The chief culprit on the offensive end was Steven Barnett, who despite a solid 14-point scoring effort, gave up an astounding 11 turnovers. Those numbers are simply unacceptable for a point guard, especially one for whom turnovers have been a persistent problem in his career. I don’t know that the Bisons have other options, and it’s entirely possible that this was a one-time heroic effort by the Drury defense, but Barnett is going to have to do something to keep his team strong offensively. Games like this just won’t cut it.

To be totally forthcoming, every Bison who played at least 10 minutes turned the ball over at least twice, except for Jacob Thies. The problem with turning the ball over so much, aside from simply killing offensive possessions, was that Matt Hall couldn’t get his game going all the way. Hall had just 15 points on 10 shots.

The other problem for the Bisons on the other end of the floor was staying out of foul trouble. Hall, Chris Dixon, and Kevin Brown all fouled out of the game, while Barnett and Trent Morgan finished with four fouls each. The result was a 25-for-35 free throw shooting performance for Drury. Harding actually kept Drury from shooting that well and held star Collins Harris to 8-of-20 shooting (even though he did score 21 points).

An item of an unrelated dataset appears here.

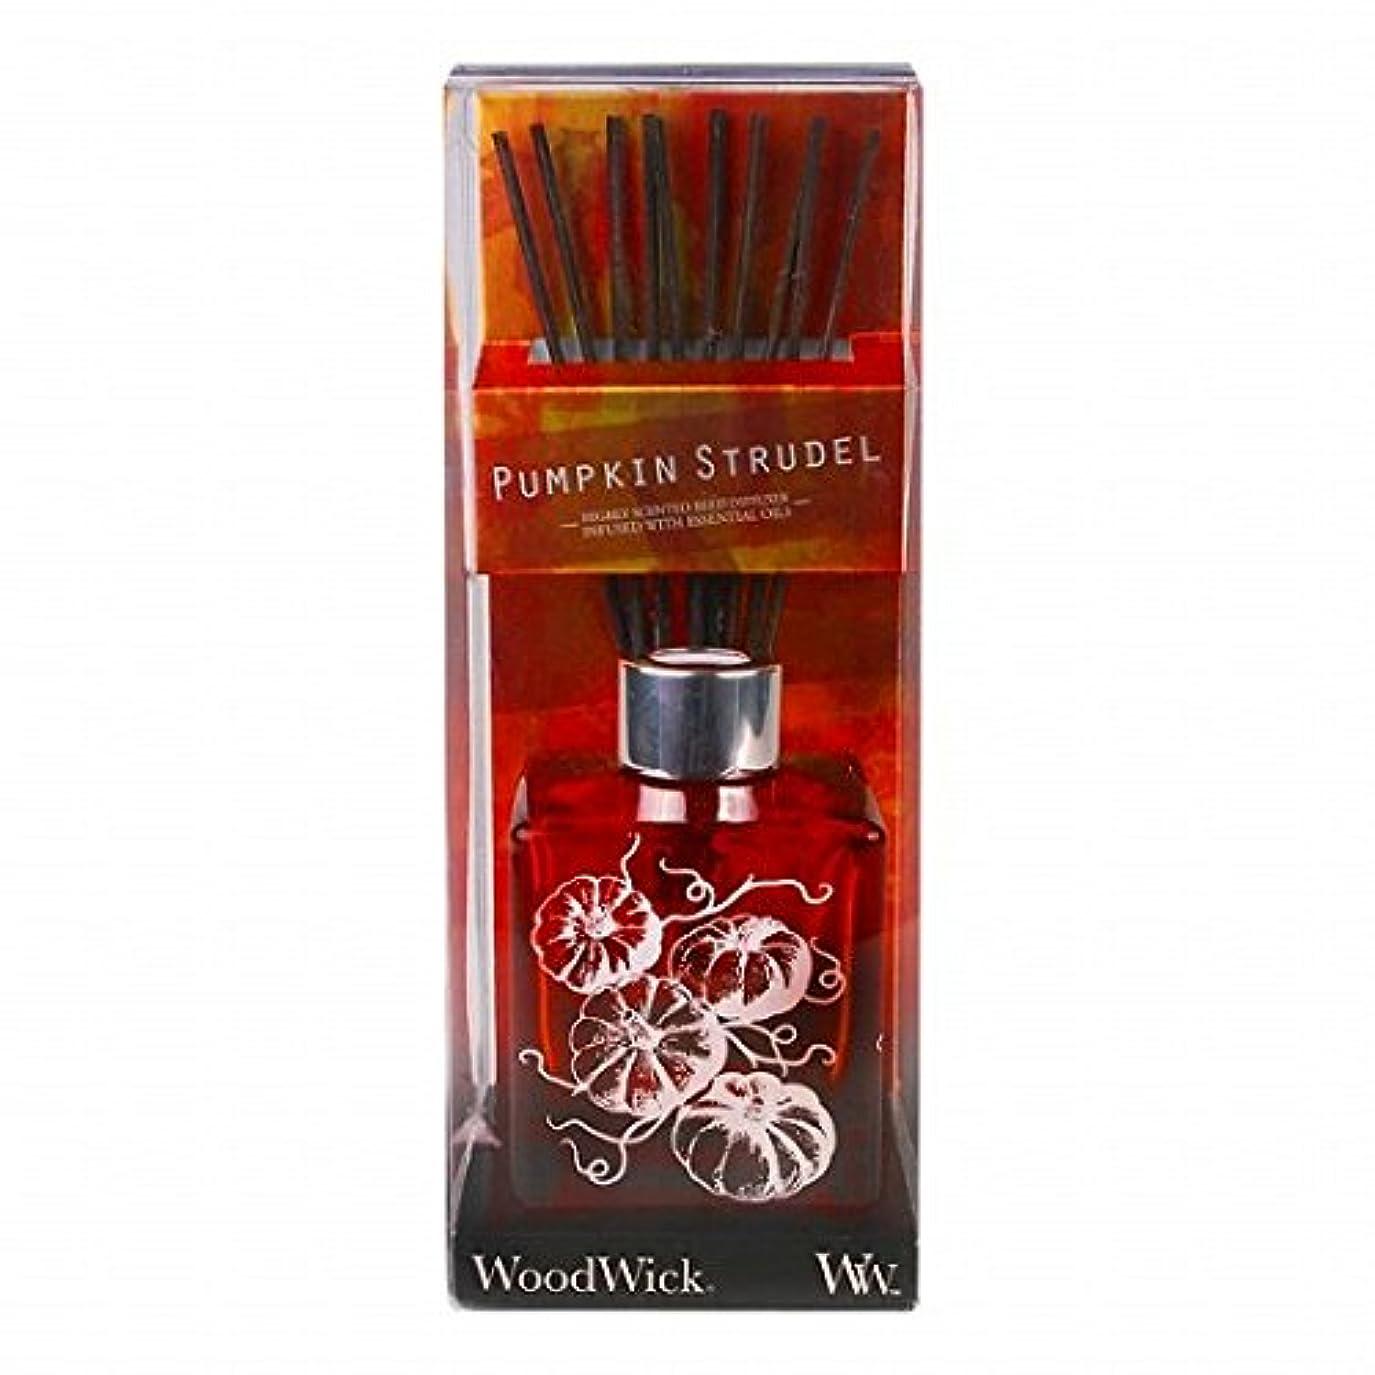 防衛火山の残基WoodWick(ウッドウィック) Wood Wickダンシンググラスリードディフューザー 「 シュトルーデル 」 ディフューザー 68x68x105mm (W9540508)

Strangely, Jesse Bynum did not play in this one. I’m kind of hoping that’s because of an injury, since he’s been playing well of late. Jacob Thies still only played 12 minutes, so most of the leftover playing time went to Kevin Brown (19 minutes) and Brian Howard (13 minutes). Matt Ragsdale also played 11 minutes, and Calvin Rayford was on the floor most of the game. Rayford again proved to be a solid outside scoring threat, knocking down 3 of 4 treys (half of the Bisons team total).

Harding nearly mounted a comeback on several occasions, even though they trailed for most of the game. They led by 2 late in the first half before a Drury run made it a six-point game at the half, and Drury held the Bisons (closely) behind them in the second half. It’s frustrating to lose a big game in such a sloppy way, but it gives the Bisons one more thing to work on before the conference season. They’ll face Ecclesia a week from tonight at home before taking a break for the holidays.

[UPDATE: For some reason, Drury's box score gave HU 33 turnovers, while HU's only gave them 32.  I'm leaving everything the way I had it.]